The smoothest experience would have been if qiime tools import would accept SAM data; this would not only be saving one more conversion step (which is annoying but doable, especially when one creates a manifest anyway). It would moreover have the advantage of carrying around information on the single- or double-endedness of reads around without loss at a manual import step, and would furthermore ease traceability by taking up the actual source data file in the provenance history.

Where could an issue be filed for addition of such an import? (With the plugin architecture of qiime, it is not immediately clear to me which repository that would be related to). Is there anything to be cleared before it would be filed? Technical details like which dependencies this would pull in (possibly samtools, which is q2-quality-control already depends on) could still be discussed there on the path going from a wishlist issue to a pull request.

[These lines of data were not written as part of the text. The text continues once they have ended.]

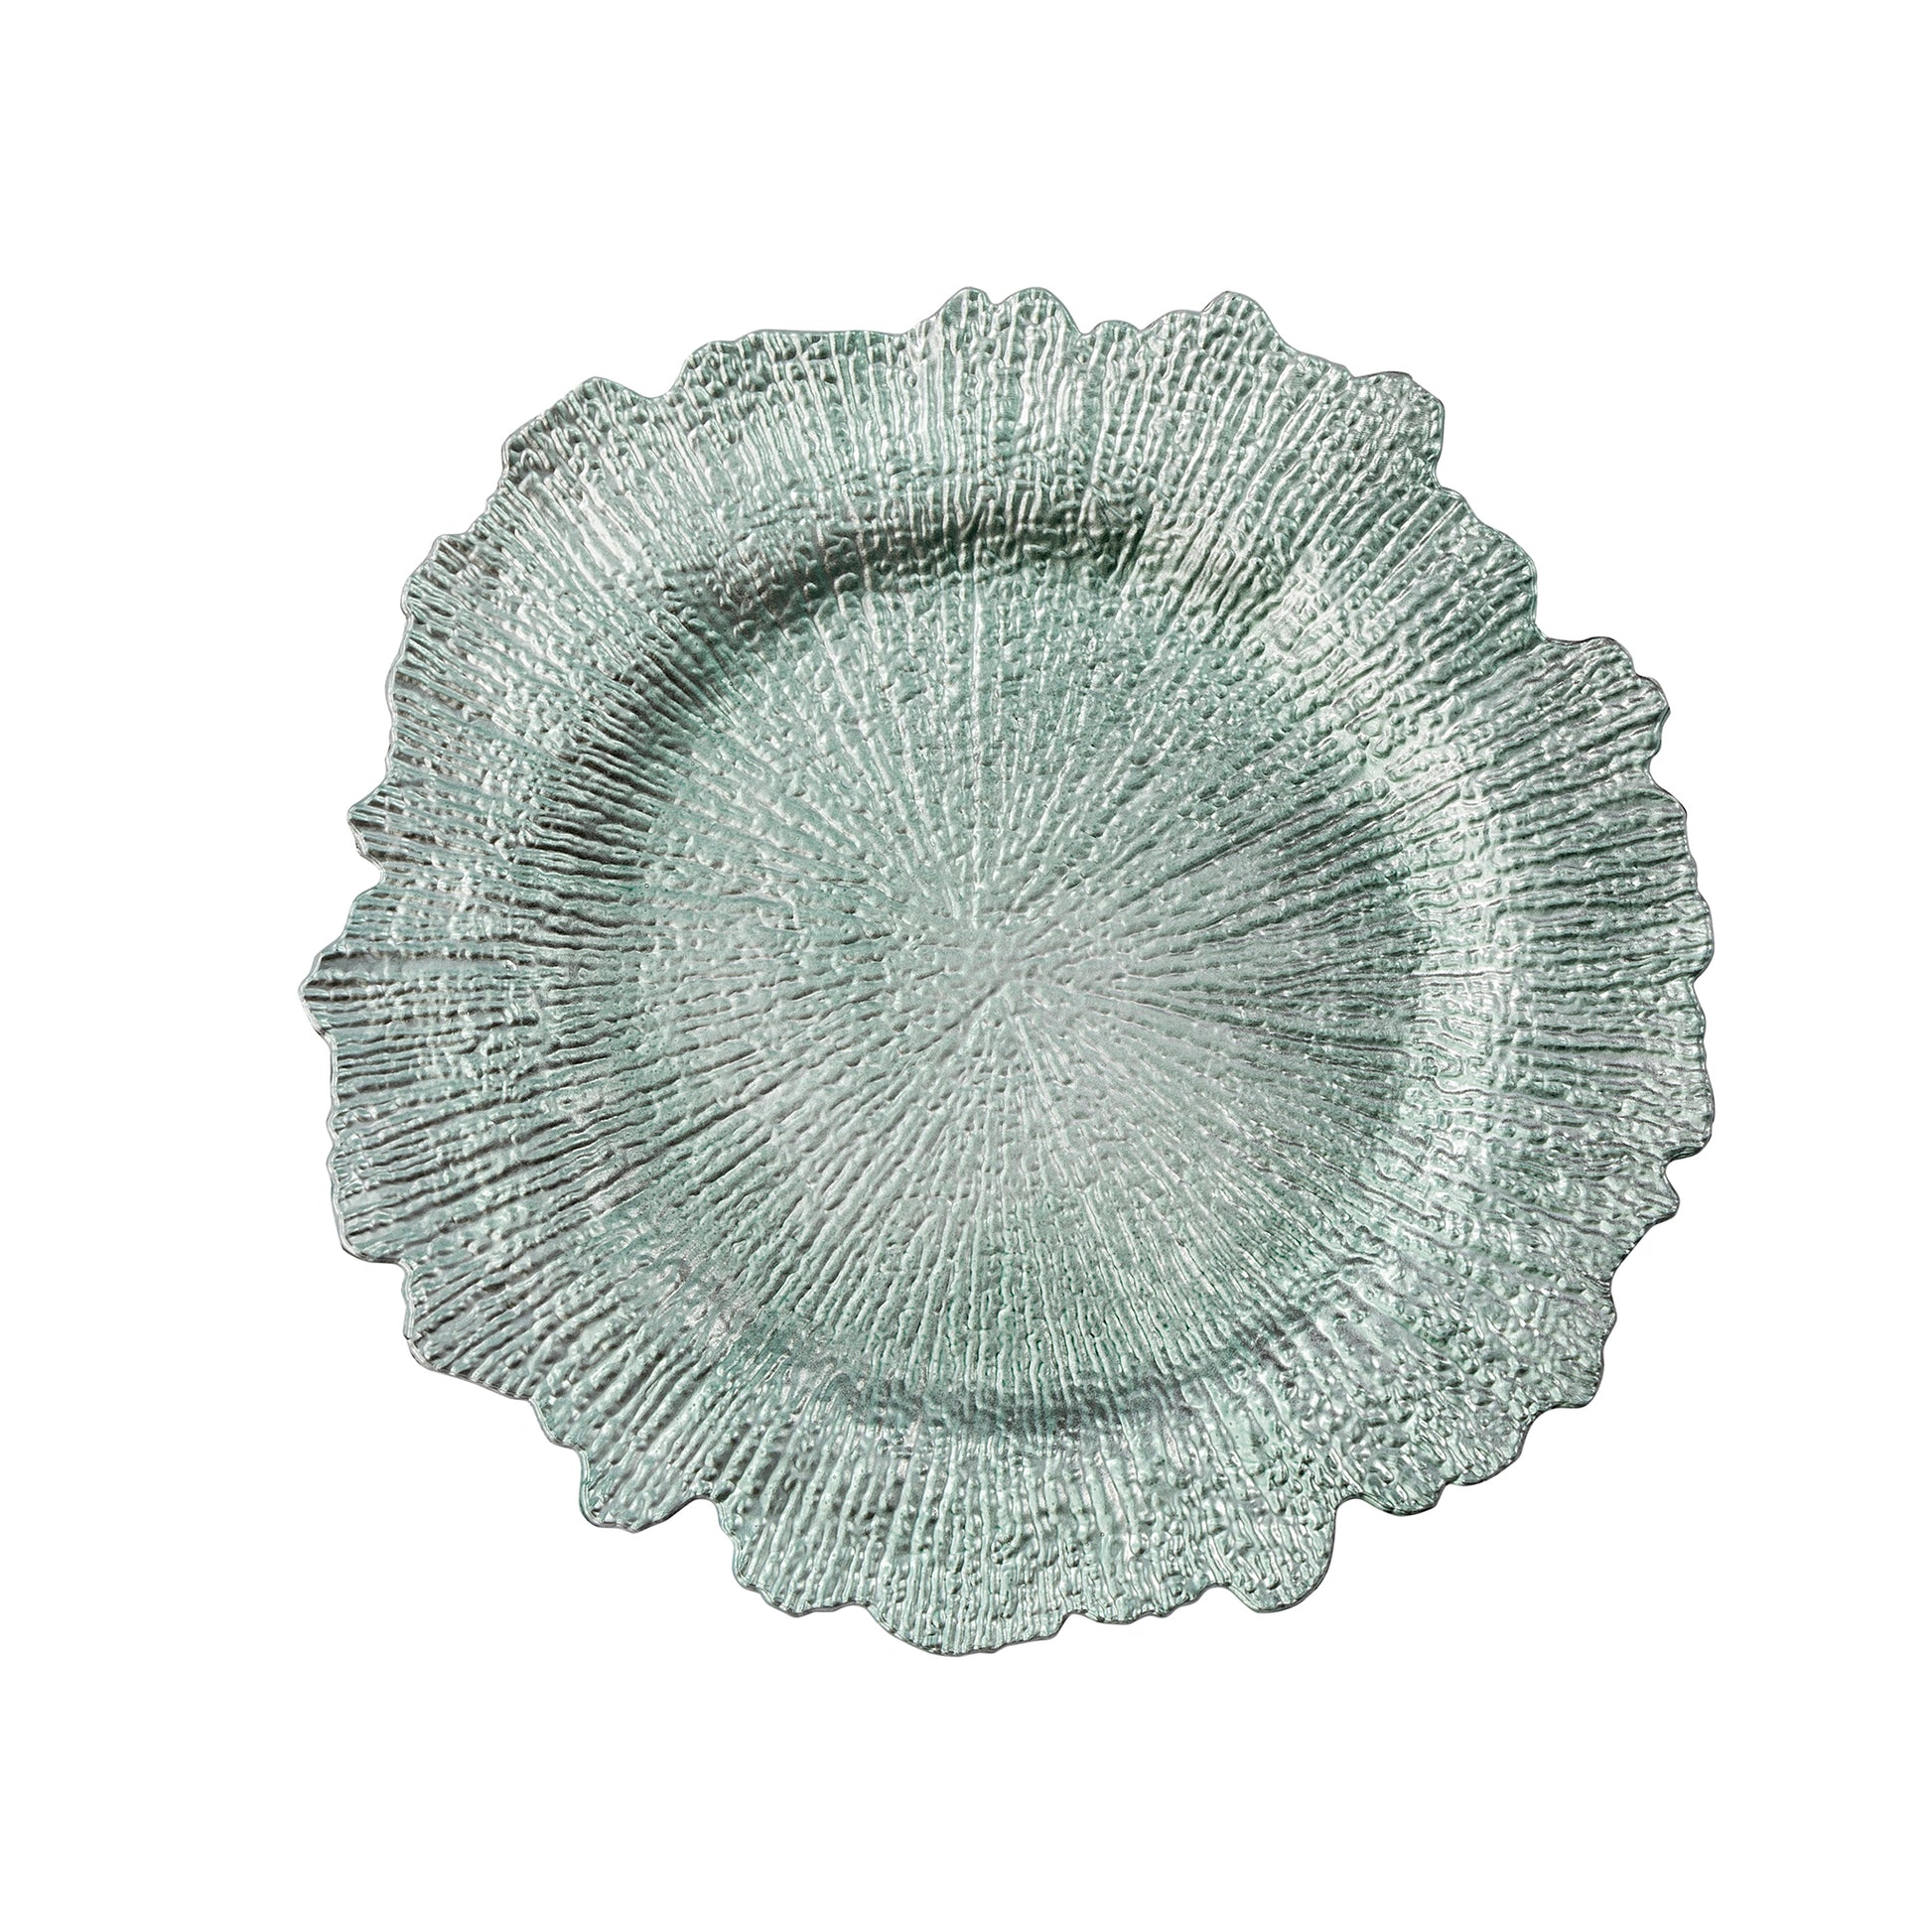 Reef Acrylic Plastic Charger Plate - Light Turquoise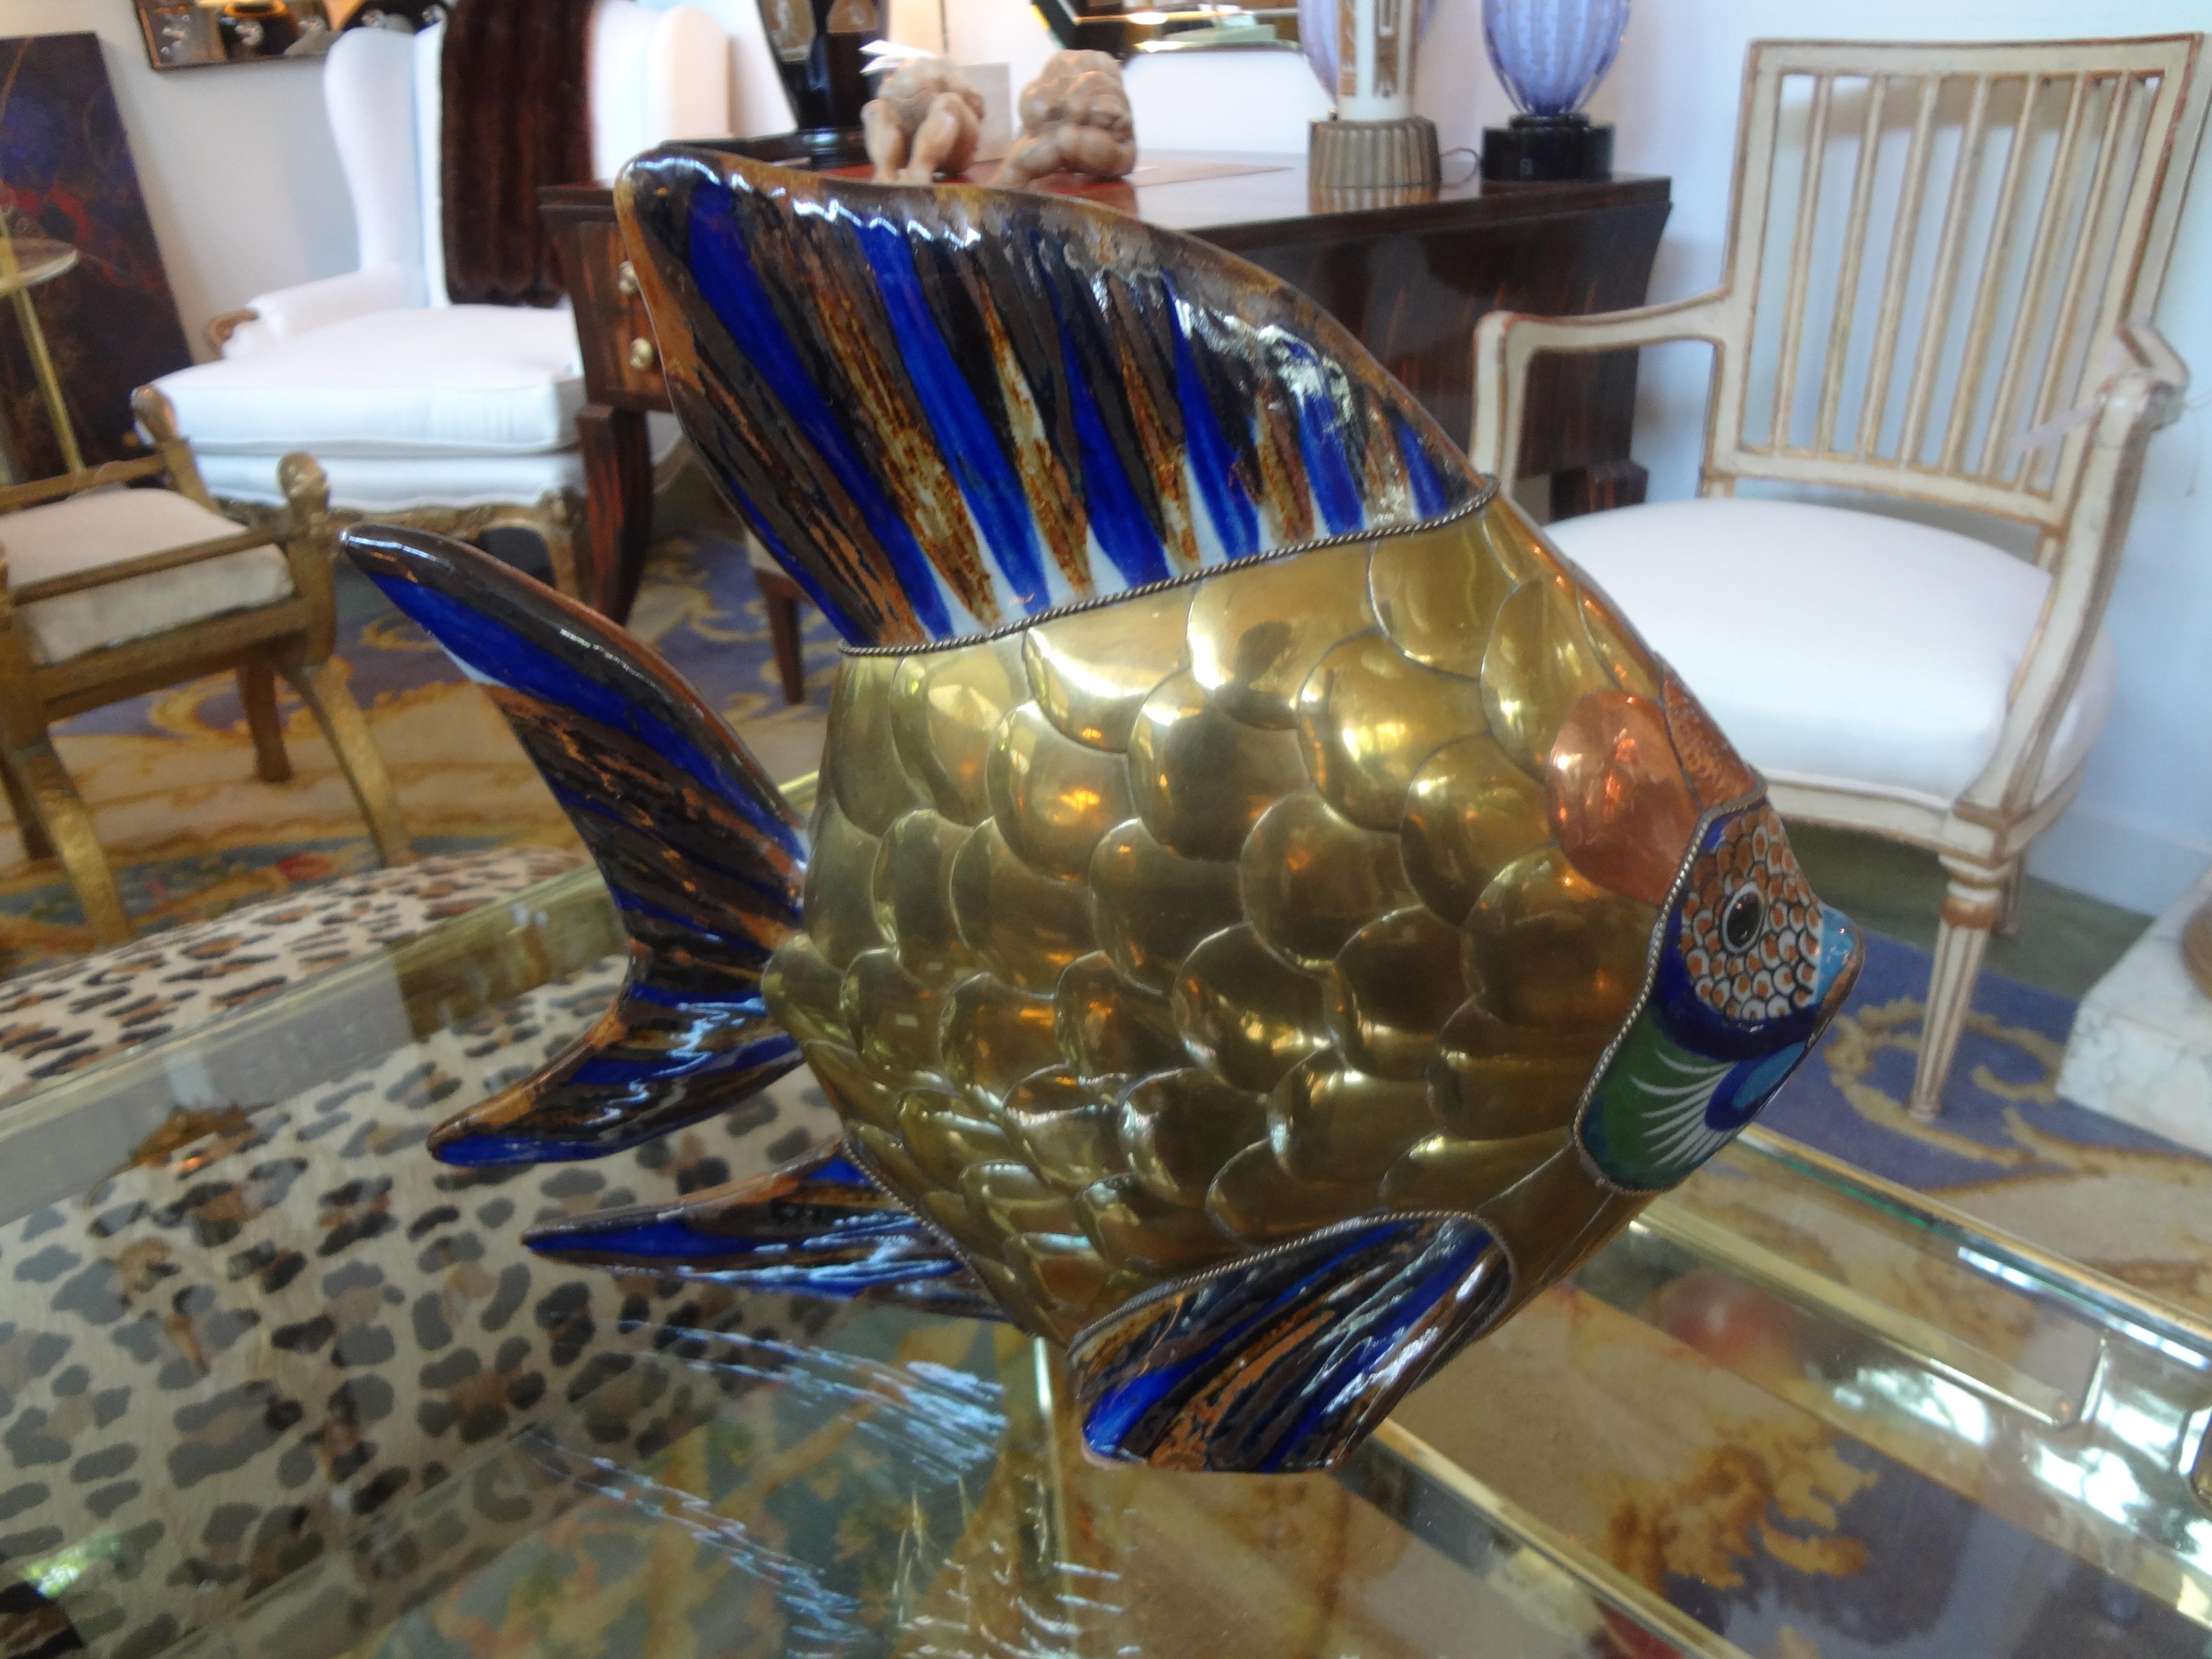 Stunning vintage Midcentury brass, copper and glazed pottery fish sculpture. This Hollywood Regency mixed metal sculpture dates to the mid-20th century.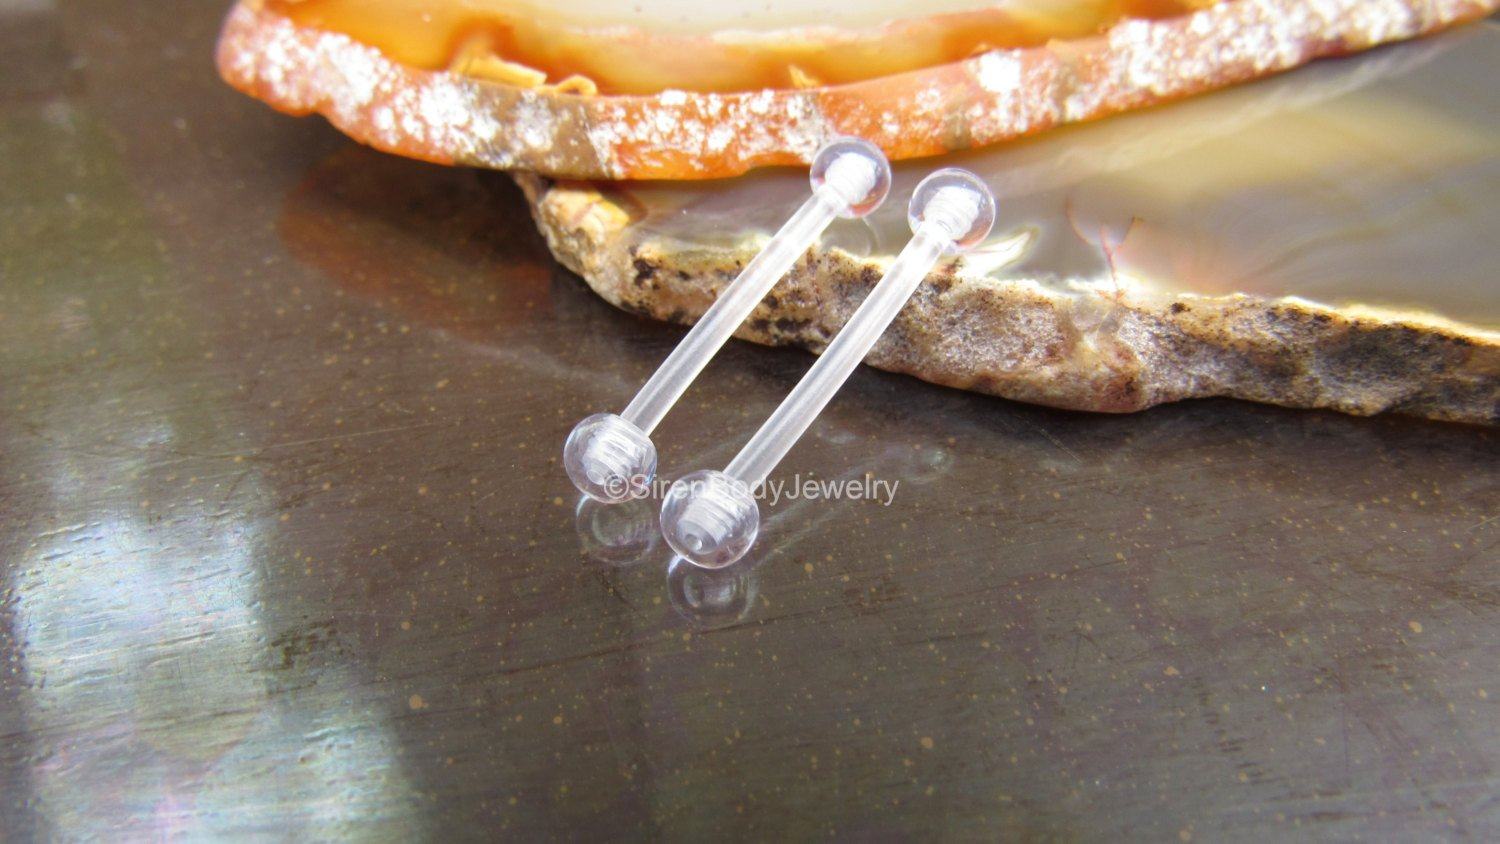 Nipple piercing retainer 14g clear tongue piercing ring 5/8" mri safe surgery piercings retainers body jewelry rings pair 1 - SirenBodyJewelry

If this is unfeasible for some reason, the next-best enhancement would be a pointer from the import tutorial to suitable tools and how to use them; is there a policy on quality of implementation a tool needs to have to be recommended there?

Hi @chrysn ,

Welcome to the forum!

To start the discussion, maybe it would be good to have a better picture of what your data and planned pipeline looks like.

  • What type of data do you have?
  • What are you doing upstream prior to importing to QIIME 2?
  • And what do you plan to do downstream?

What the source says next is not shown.